Olivier Elemento’s weblog

Olivier’s science weblog

ICSB2005 talk videos are available online January 18, 2006

Filed under: Uncategorized — oelemento @ 6:57 am

http://csbi.mit.edu/icsb-2005/program/program.htm

Note to other conference organizers: that’s the way it should be; please you too put the talks online after the conference. Think of it as Open Access for conference materials.

 

NY Times article on synthetic biology January 18, 2006

Filed under: Uncategorized — oelemento @ 6:51 am

The article is rather low on details, but it is always interesting to see the NY Times picking up this kind of topic. Here are some ideas in the article that I like:

- Drew Endy and colleagues have created BioBricks, the “Registry of Standard Biological Parts” (http://parts.mit.edu/). The article also mentions ideas for a programming language/environment for creating syhthetic biology circuits, where a programmer would be able to design and simulate the behaviour of an artificial circuit, before sending it to a “printer” to actually synthesize it. The whole idea is obviously pretty cool: regular biologists, not only synthetic biologists, would benefit from such software. Note that softwares for programming and designing (and simulating to some extent) biological networks already exist ( e.g. Little b, http://www.littleb.org/, a LISP-based language, and the graphical environment CellDesigner http://celldesigner.org/).

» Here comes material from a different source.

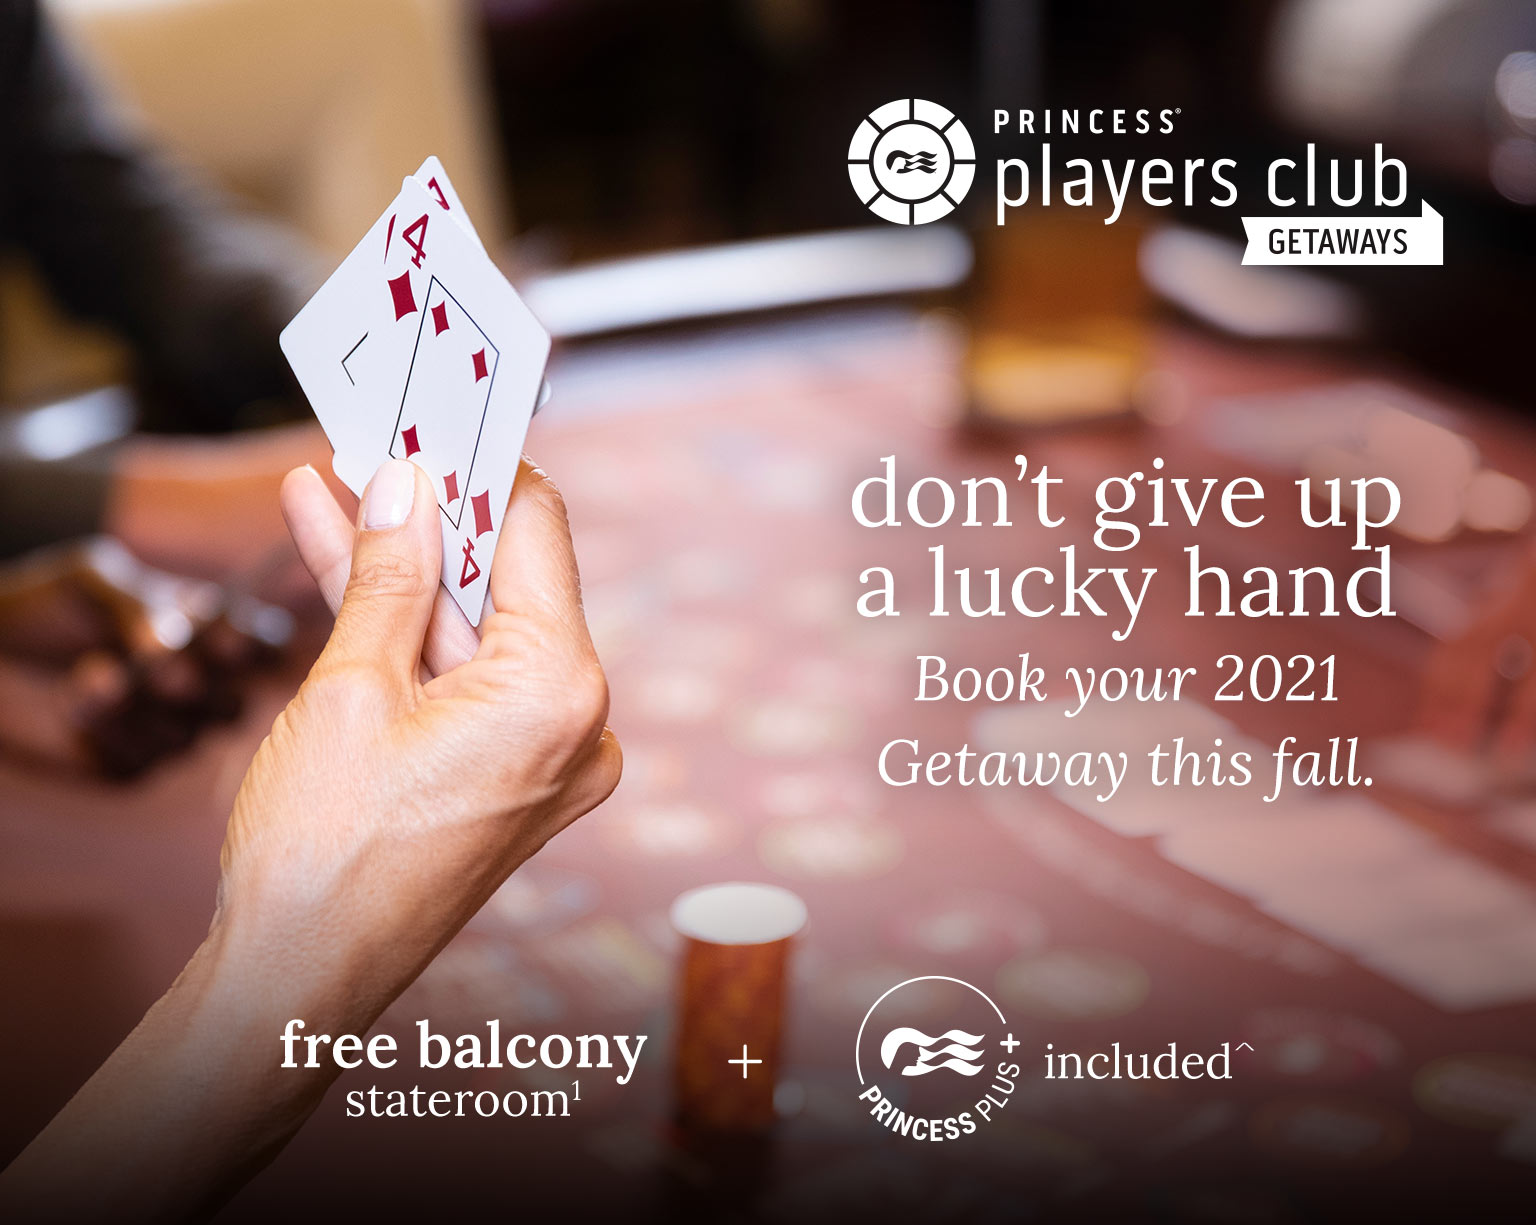 A man and a woman cheer at the slot machines - Princess Players Club Getaways - Don't give up a lucky hand, book your 2021 getaway! - free balcony stateroom + princess plus+ included^

- Jay Keasling is using genetically modified E. coli to produce artemisinin, a pretty effective Malaria drug. To do so, he is trying to have E. coli express 12 genes from the wormwood tree and yeast (what yeast genes have to do here is unclear; maybe the wormwood equivalent have introns or are toxic to E. coli). That’s pretty exciting, but it seems to me that a significant hurdle in synthetic biology will be the possibilities of unforeseen crosstalks between the foreign genes and the cell core machinery.

- Codon Devices works on technologies to synthesize long stretches of DNA (George Church actually presented talked about that technology last year at Princeton). Anybody who has tried to make a relatively-complicated construct will understand that dramatically improved DNA synthesis will lead to a true revolution in molecular biology.

Finally, the article also mentions that “Christina D. Smolke [..] is trying to develop circuits of biological parts to sit in the body’s cells and guards against cancer”. This research may sound great to non-scientists, however it is tempting to suspect that this kind of ‘nanobots roaming the human body, in a search-and-destroy mission against cancer cells’ will not go anywhere anytime soon. Nonetheless I like some of her previous less ambitious research on differential expression of bacterial operon members using RNAse E site and 3′UTR/5′UTR stabilizing hairpins.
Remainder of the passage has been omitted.